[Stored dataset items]
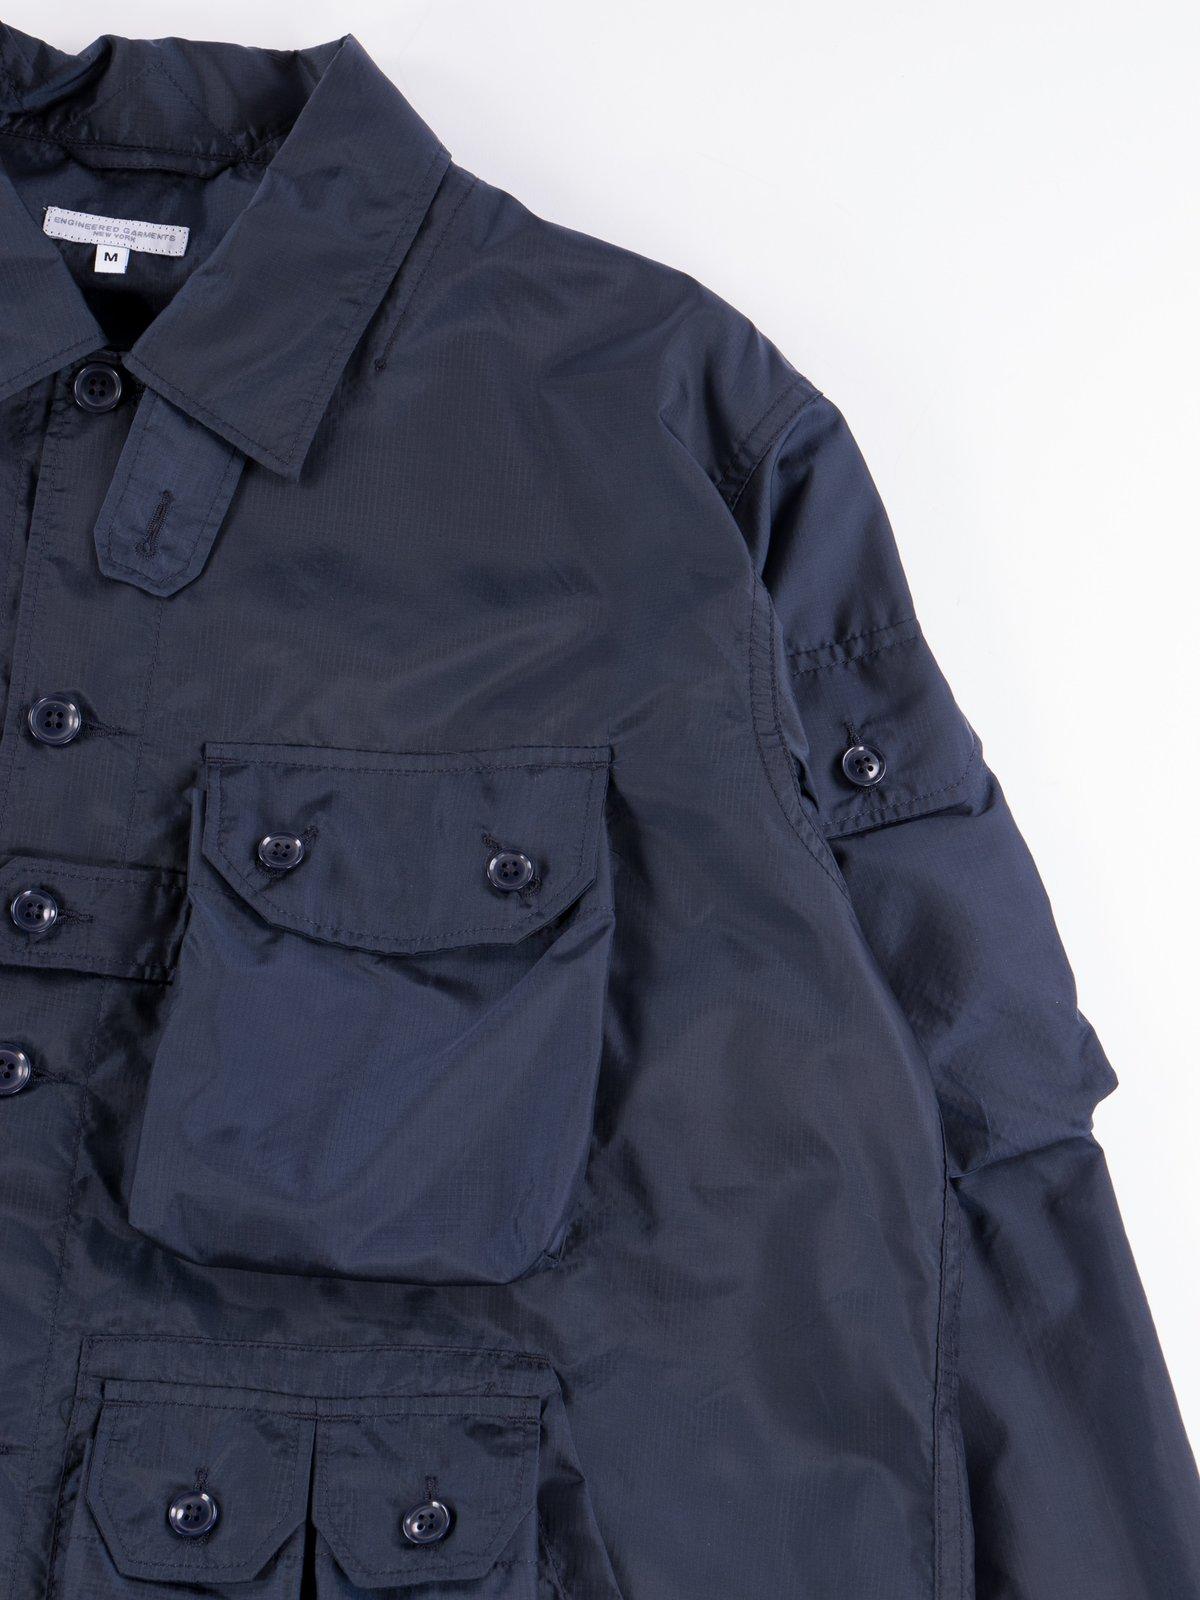 Navy Nylon Micro Ripstop Explorer Shirt Jacket  - Image 5
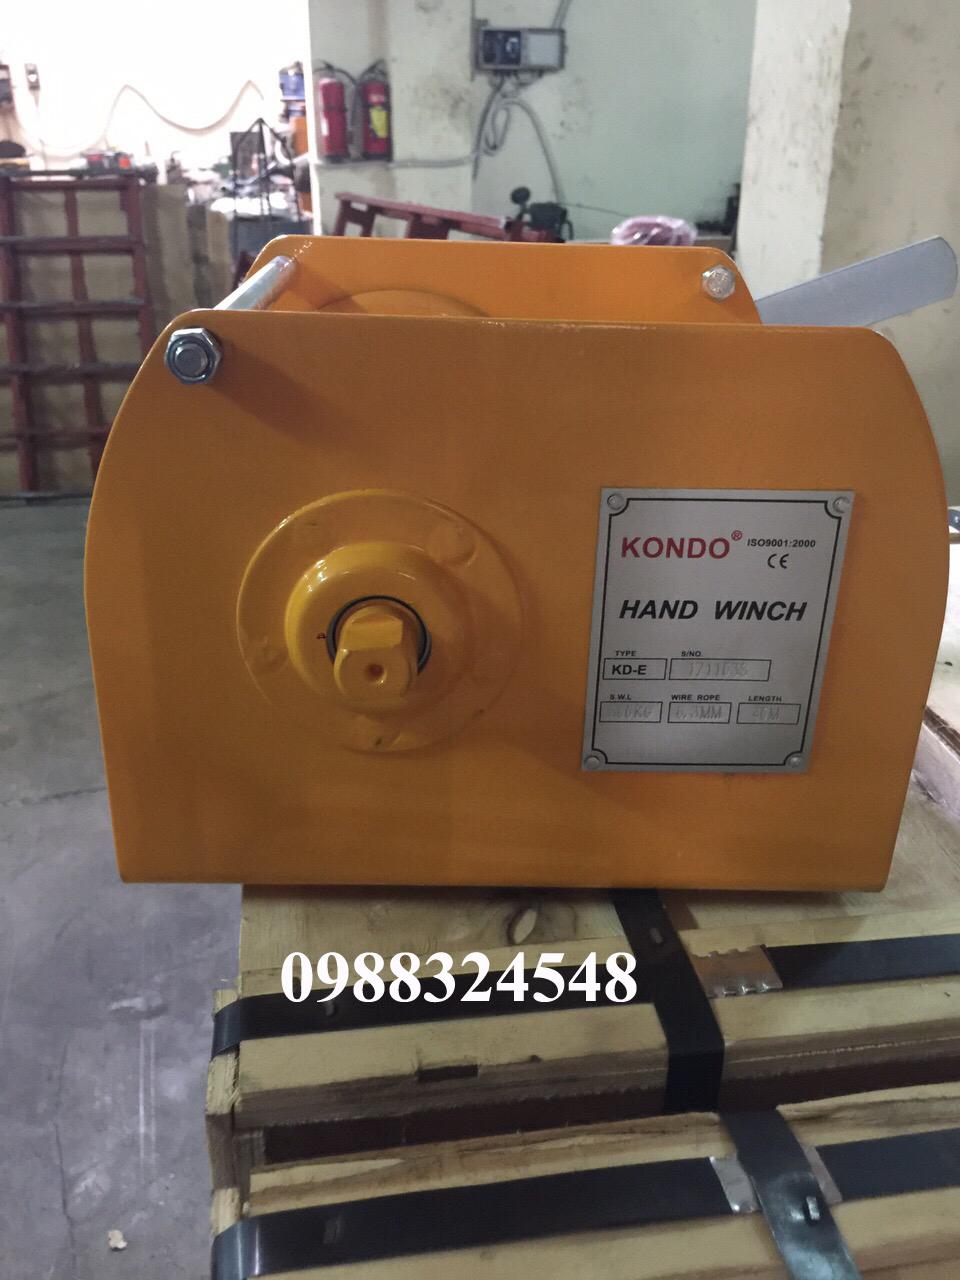 Tời quay tay Kondo KD-E 500kg
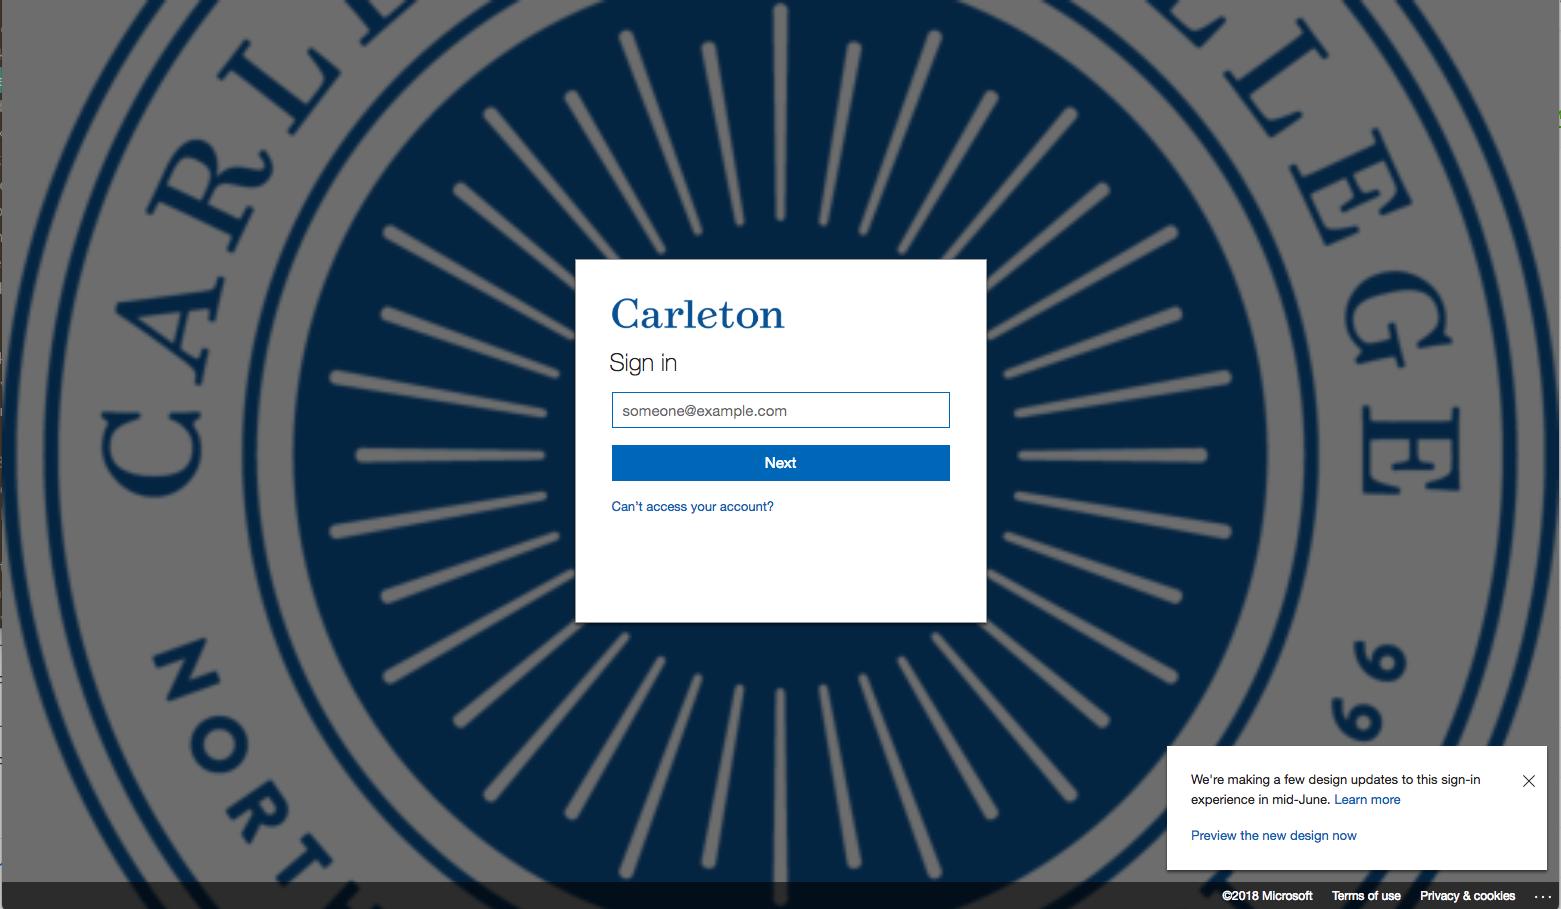 Power BI What Did I Teach? Report - ITS - Carlpedia
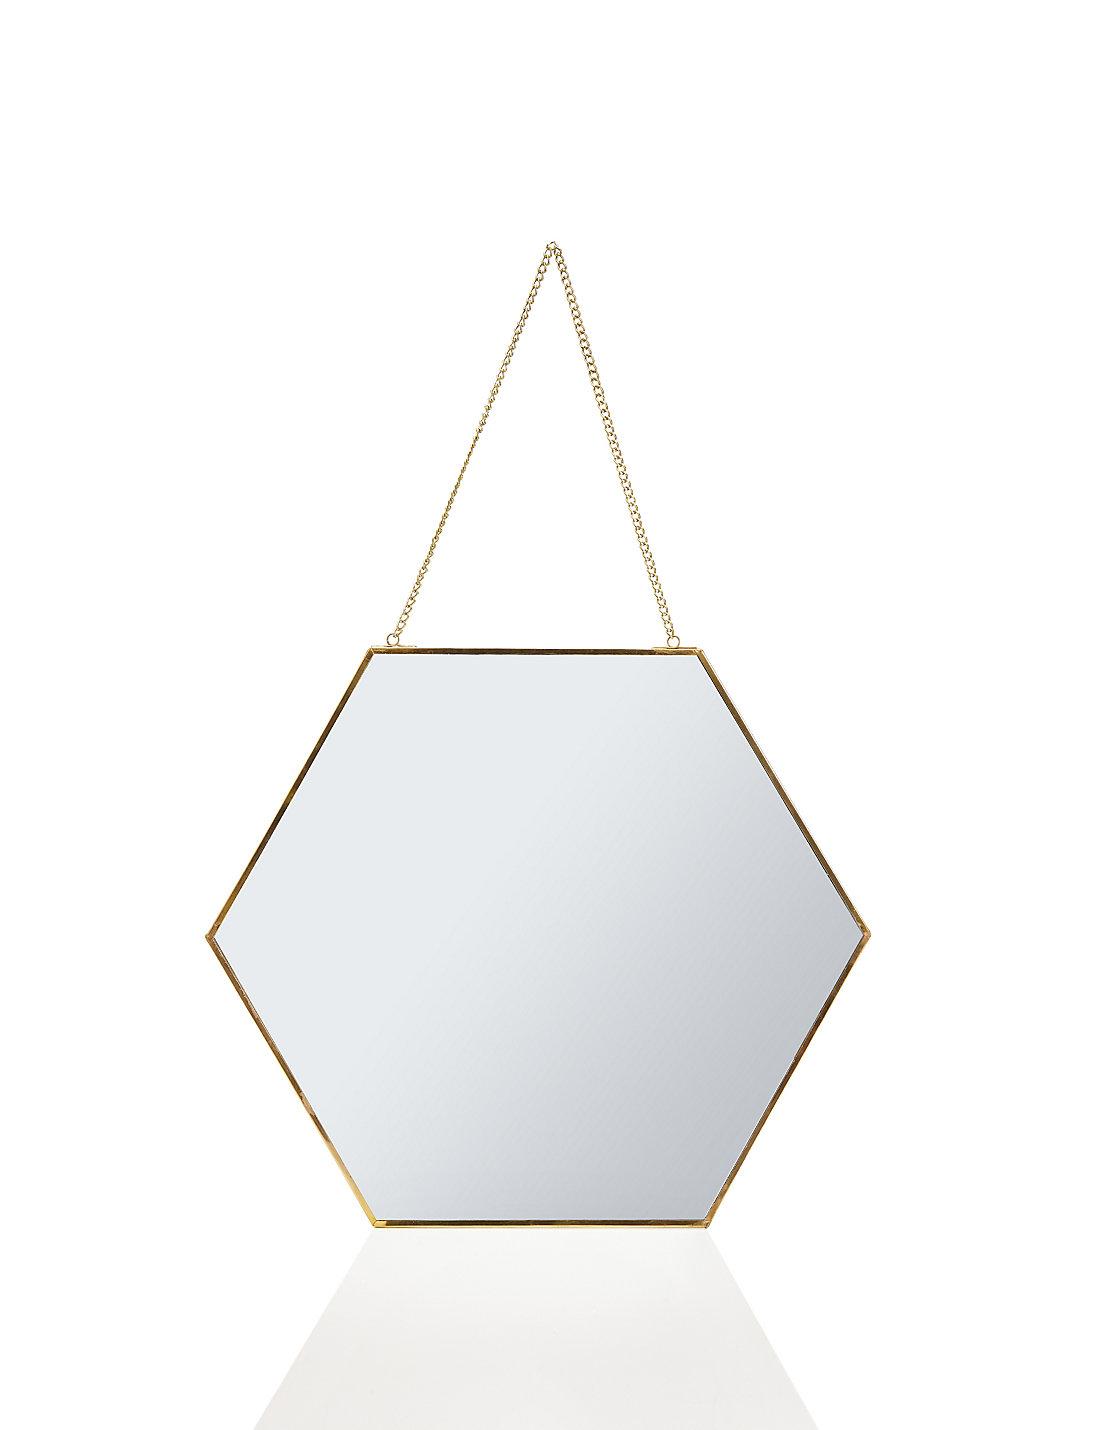 Hexagonal Mirror Frame
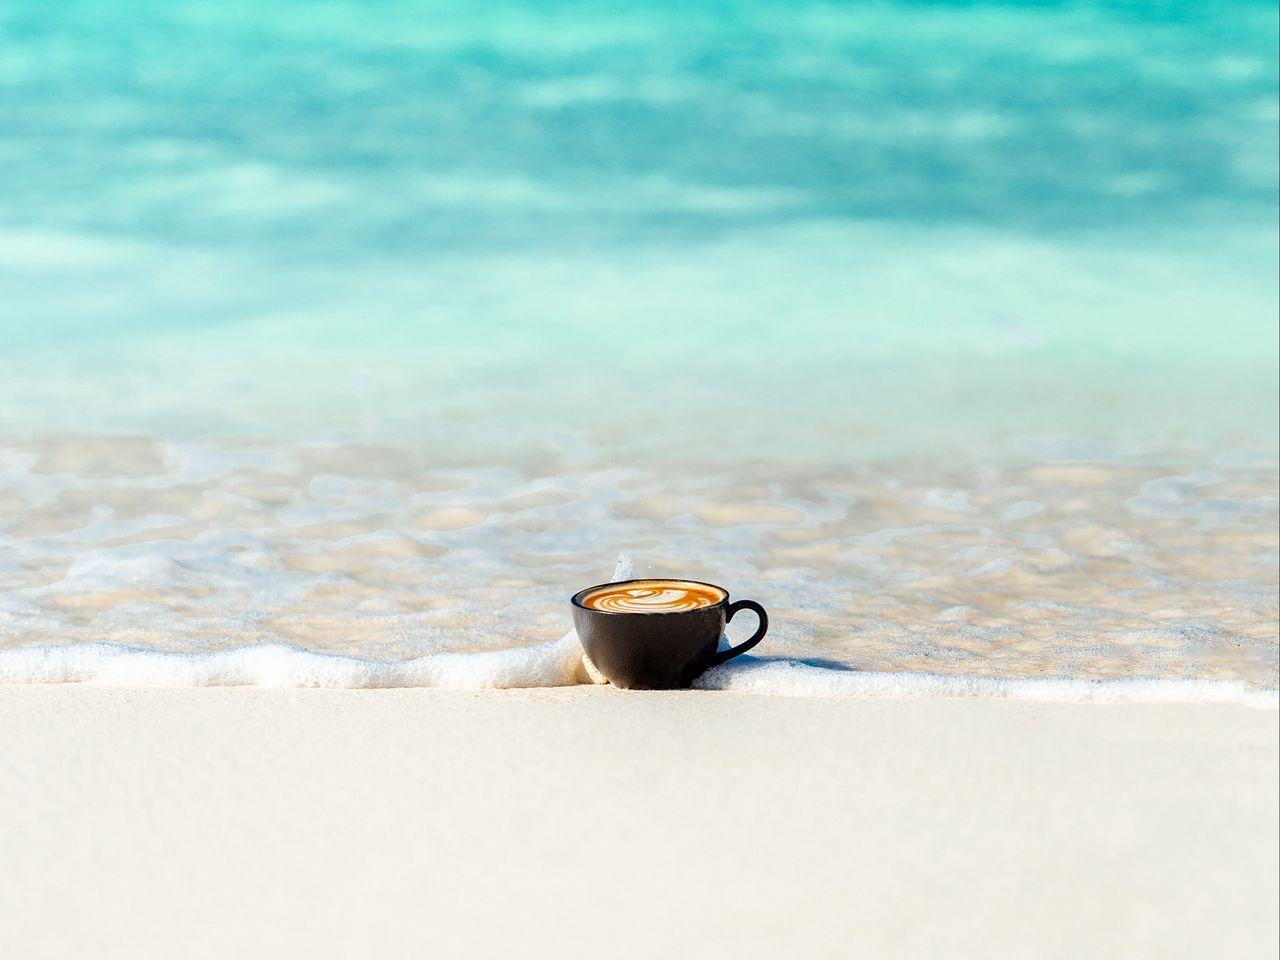 1280x960 Wallpaper cup, ocean, sand, coast, minimalism
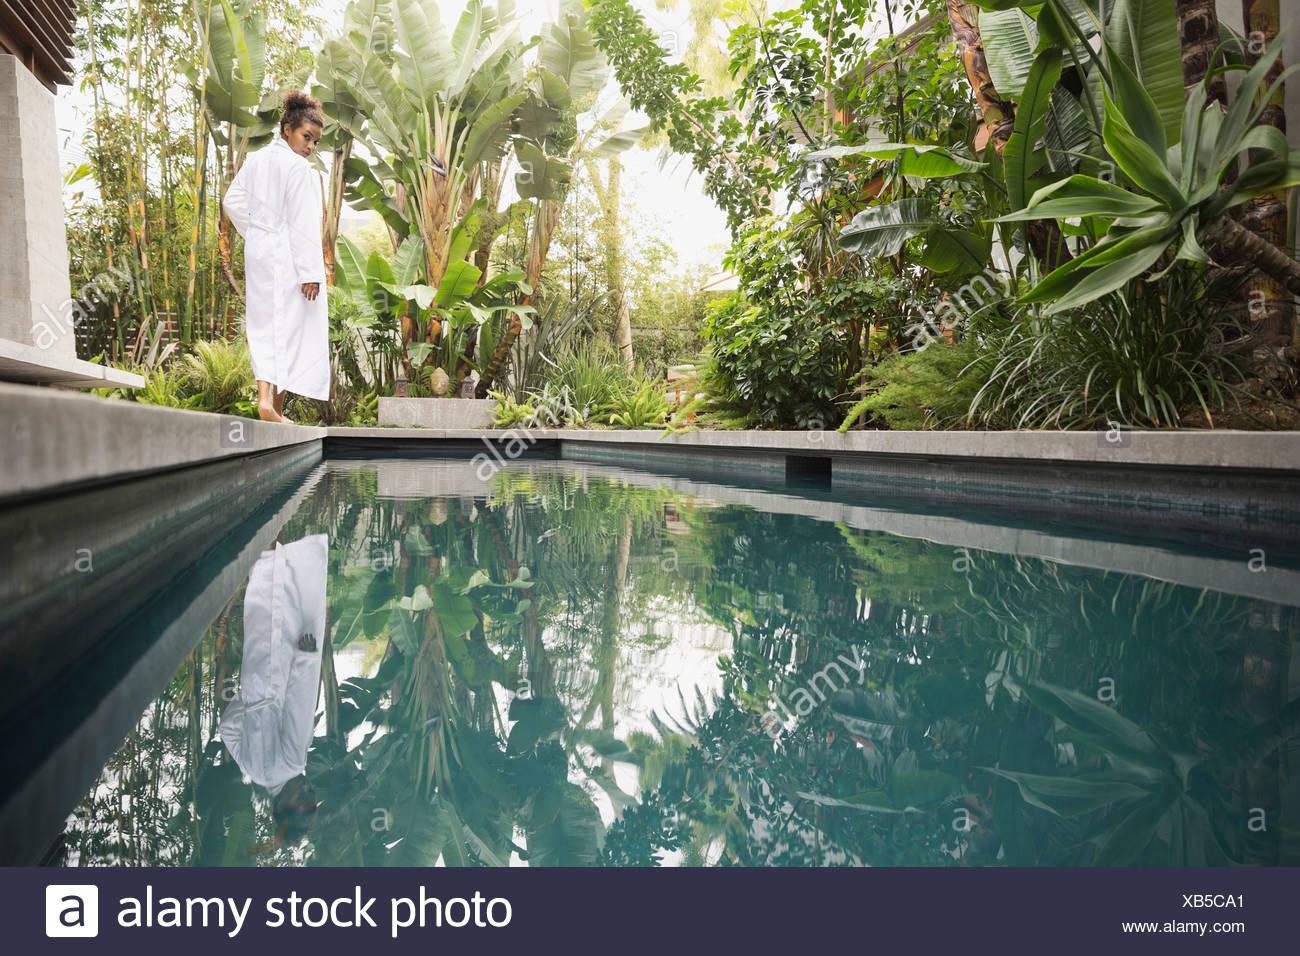 Woman walking at the edge of swimming pool Stock Photo

→ Task to complete
Please output the lines from the line that contains "Power BI What" through the end of the records, both ends included, exactly and with no pictures.

→ Answer space
 Power BI What Did I Teach? Report - ITS - Carlpedia
 Hexagonal Mirror Frame
 1280x960 Wallpaper cup, ocean, sand, coast, minimalism
 Woman walking at the edge of swimming pool Stock Photo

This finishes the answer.